For a Self Organizing Map you must specify the x and y dimensions of the map. The x and y dimensions will determine the number of partitions that you segregate your data into, eg. if you choose 3 x 3, you will get 9 partitions. Internally 9 vectors will be initialized, one for each partition. The dimensionality of the vectors is determined by the number of experiments that there are in your datafile. For instance if you have 10 experiments, then the vectors will be 10 dimensional, ie have 10 coordinates. Each of these coordinates is randomly initialized. In addition these partitions have a relationship to each other, in that they sit in a 2-dimensional grid, as defined by the user (eg 3 x 3). In this grid, it could be said that one partition is physically closer to another partition than it is to a 3rd partition. eg the top left partition in a 3 x 3 grid is closer to the middle left partition, than it is to the bottom right partition. This concept is important when we consider how the SOM is refined. At the beginning, the relationship of the partitions in physical space has no bearing on the relationships between the vectors that associate with them. Thus the map is unorganized.
A gene from the list of genes in your data file is then picked at random, and its expression pattern is compared to each of the vectors that were initialized randomly in the first step, one vector for each partition. The vector to which the expression vector of the picked gene is most similar is then modified, so that it more closely resembles the expression vector of that gene. In addition the vectors that belong to the partitions that are physically closest (in the 2 dimensional grid) to the partition whose vector was just modified are also modified, so that they too resemble the gene's expression vector a little more closely. This process (picking a gene at random; seeing to which vector it is most similar; modifying that vector; modifying the vectors of the partitions that are close to the partition which had the most similar vector) is repeated 100,000 times.
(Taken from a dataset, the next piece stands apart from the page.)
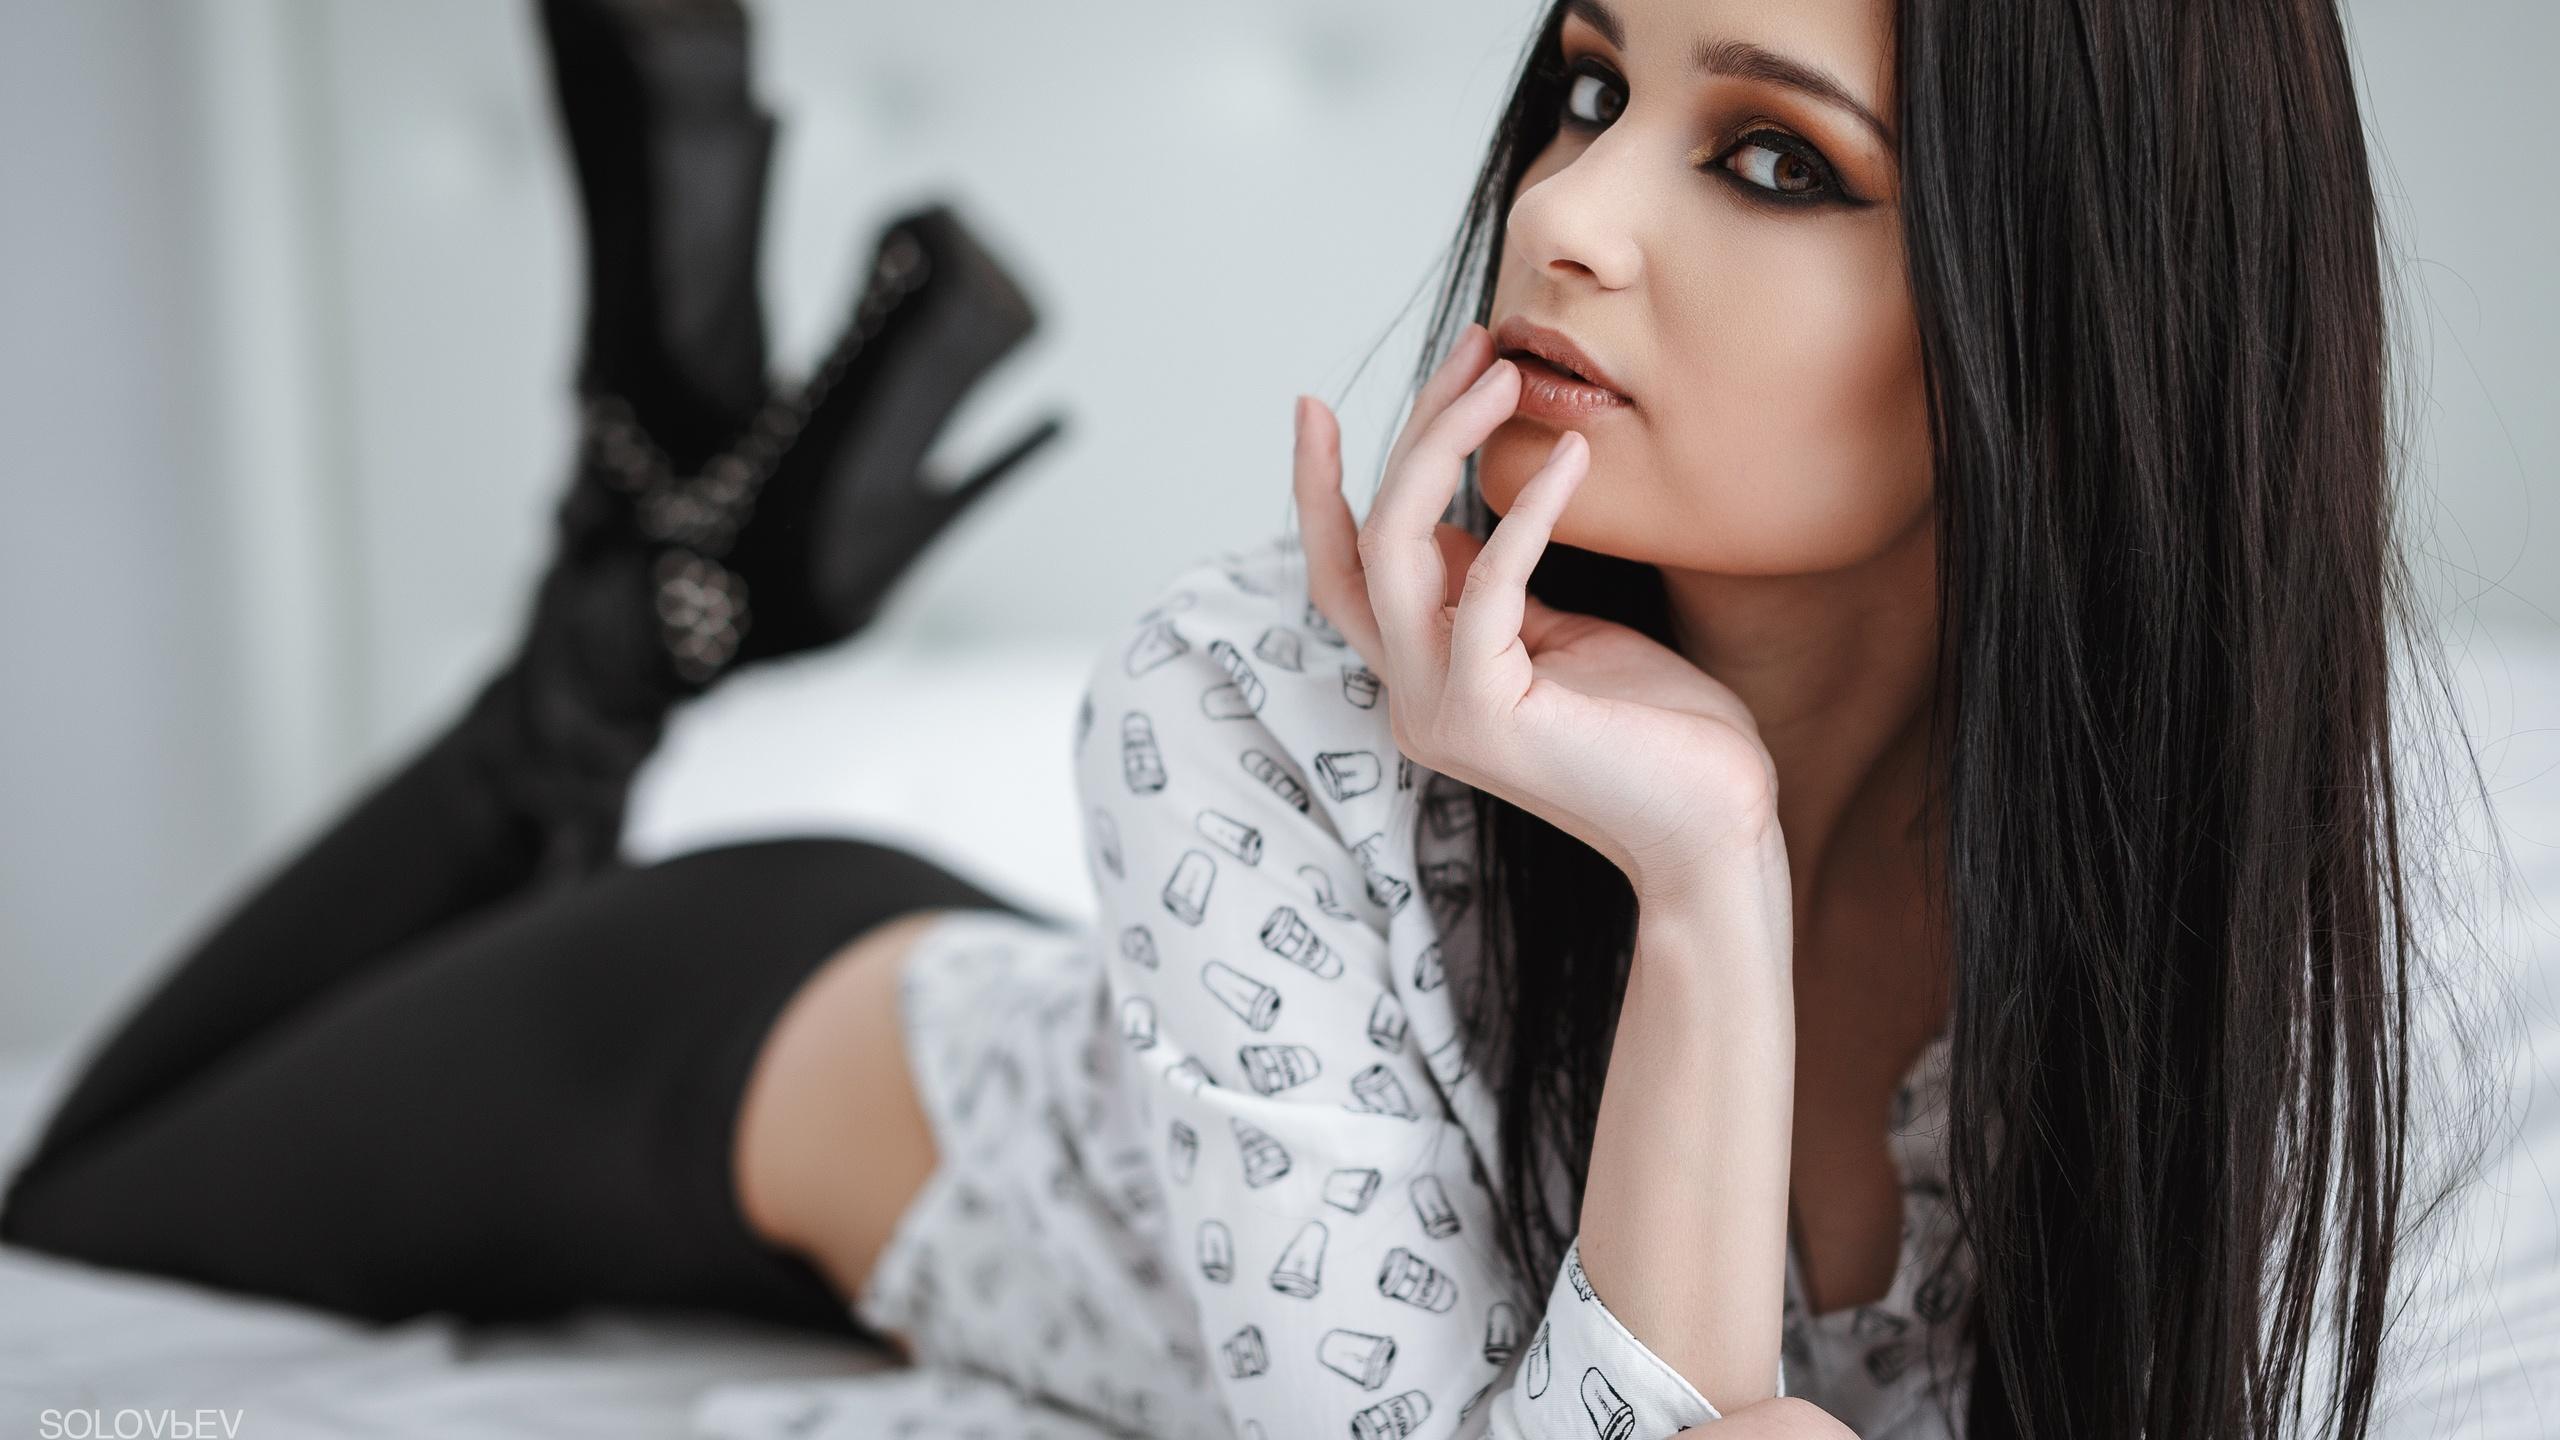 рука, взгляд, модель, волосы, solovьev, артем соловьев, hand, look, model, hair, artem soloviev, artem solovьev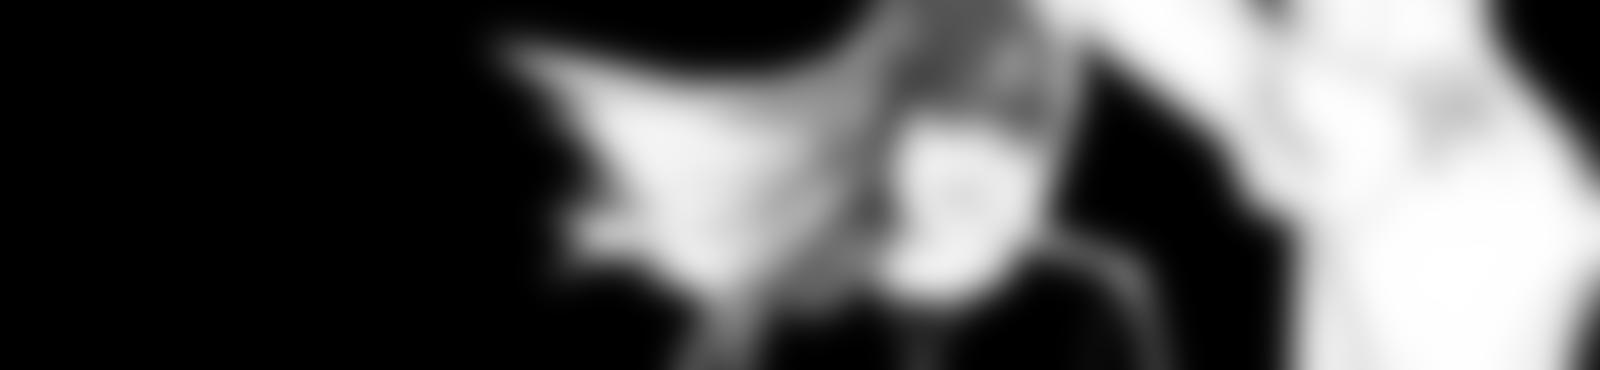 Blurred 0a7e2ea9 8ad8 4691 bcab 7628bcb41b49

As the iteration number increases, the amount by which the vectors are modified decreases. Also the definition of which partitions are close to each other changes. eg in the first iteration all partitions may be considered close to each other, but after 50,000 iterations a partition may be considered close to another, only if it is less than half of the width of the entire grid away. At the end no partitions may be considered close to each other. Essentially a circle is drawn on the 2 dimensional grid, with its center being in the center of the partition whose vector was most similar to the picked gene's expression pattern. Any partitions that fall within that circle are considered 'close', and so their vectors are modified. The radius of this circle decreases with each iteration. Hence with each iteration fewer vectors are modified by smaller amounts, so that the map eventually settles down. It is important to note that algorithm leads to the vectors of neighbouring partitions being somewhat similar to each other, and vectors of partitions that are physically distant are dissimilar to each other. Thus the map has become organized.
After the 100,000 iterations have occured, the genes are then partitioned. This is simply done by assigning a gene to the partition whose associated vector is most similar to its expression vector. A gene may currently only be put in one partition (though this could be changed), and a partition may theoretically contain all or none of the genes. In practice though this rarely occurs, unless there are few genes, or few partitions.
The contents of each partition is then clustered by hierarchical clustering.